Check out some of the wheeled methods of transportation to spice up your life and help you see more of the area. Get really good at skateboarding around for transportation, then try your hand at some ollies and kick flips. Use a scooter to get to class and learn how to take it off some sick ramps. Strap on some rollerblades and head to the park for an inline session. You’ll cut your class commute time in half and look dope doing it.
4. Craft your heart out.
Do you have any idea how much money you can save by being crafty? I’m talking cross-stitching, hand-lettering, knitting, etc. People start their own Etsy businesses out of this stuff.
Speaking as someone with little to no artistic ability, knitting is a lot easier than it looks. Plus, I can’t tell you how many times my friends and I used some homemade scarves as cheap and thoughtful Christmas presents. It’s easy to learn all or one of these skills online, and maybe you could get your friends into it and start a club. Knitters unite.

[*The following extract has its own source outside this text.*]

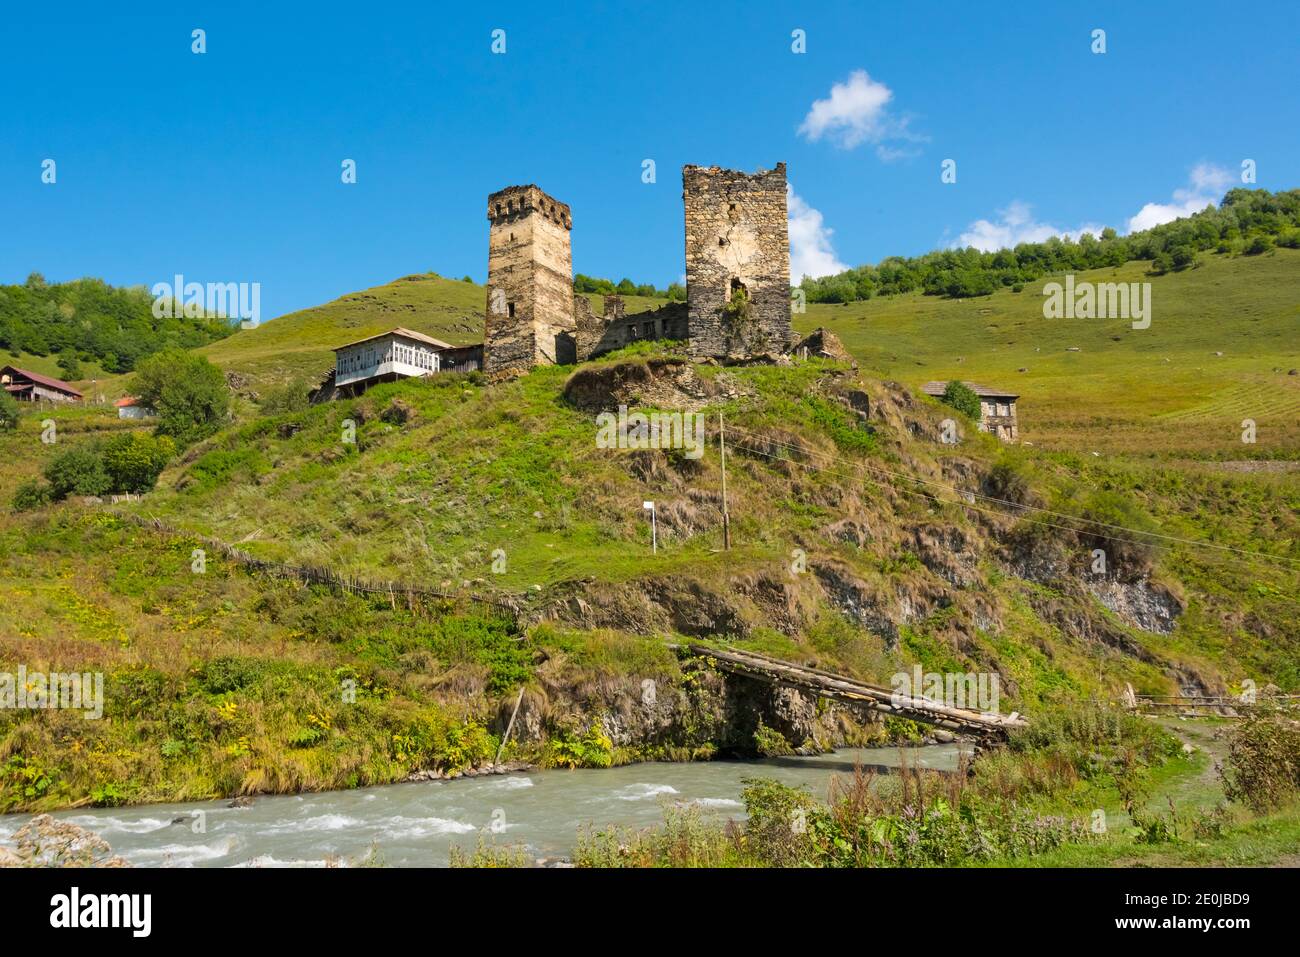 Maisons Svan avec tour de guet médiéval dans la montagne du Caucase, région de Svaneti, Géorgie Banque D'Images

5. When in doubt, blog it out.
If you’re not burnt out from academic writing, then starting a blog is one of the most beneficial creative outlets you can utilize. You don’t have to make a Facebook post every time you write a new piece or put too much pressure on yourself to make every post about some small, yet transformative experience in your life. It can be as simple as a critique of the movie you just saw.
It really doesn’t matter; as long as you’re writing consistently, blogs are great resources to include on your resume to impress potential employers, as well as to get in touch with your creative side on your own terms.
6. Learn to play an instrument.
The internet is another great resource for doing this kind of thing. I used online resources to teach myself the guitar in high school, and while I’m not a pro, I can definitely hold my own in the acoustic world. Even if you’re just taking up the triangle, playing an instrument is good for your brain.
Plus, once you’ve maximized your skills you could assemble some musical friends and start your own band. Smash together any adjective and noun, and you’ve got yourself a name. Now go out into the world and spread that sweet triangle beat.
7. Strengthen your social media presence.
Look, have you ever tried to intentionally cultivate your online image? Not only do you have to have unique enough content to stand out, but you also need to post on a daily basis, and with all the social media platforms out there, that’s a time-consuming task.
Not only are employers more frequently looking to social media before making hiring decisions, but if your account is popular enough, some platforms or sponsors will even pay you to post. That’s a pretty hard goal to attain, and most of us will probably just keep posting dank memes and artsy scenic shots, but social media can be a pretty demanding and beneficial hobby if you’re into it.
8. Start a club.
Whether it’s a knitting club, a pack of social media gurus or just some friends that like to binge on documentaries, connecting through shared passions is a great way to meet people and make new friends. Plus, you never know if one of your hobbies could become a marketable skill, and you could throw that club involvement on a resume.
Obviously, a bunch of other hobbies are available to choose from, and maybe you can make up your own if you’re feeling really wild. If all else fails, though, give extreme ironing a try, because that’s a skill you can take to the bank.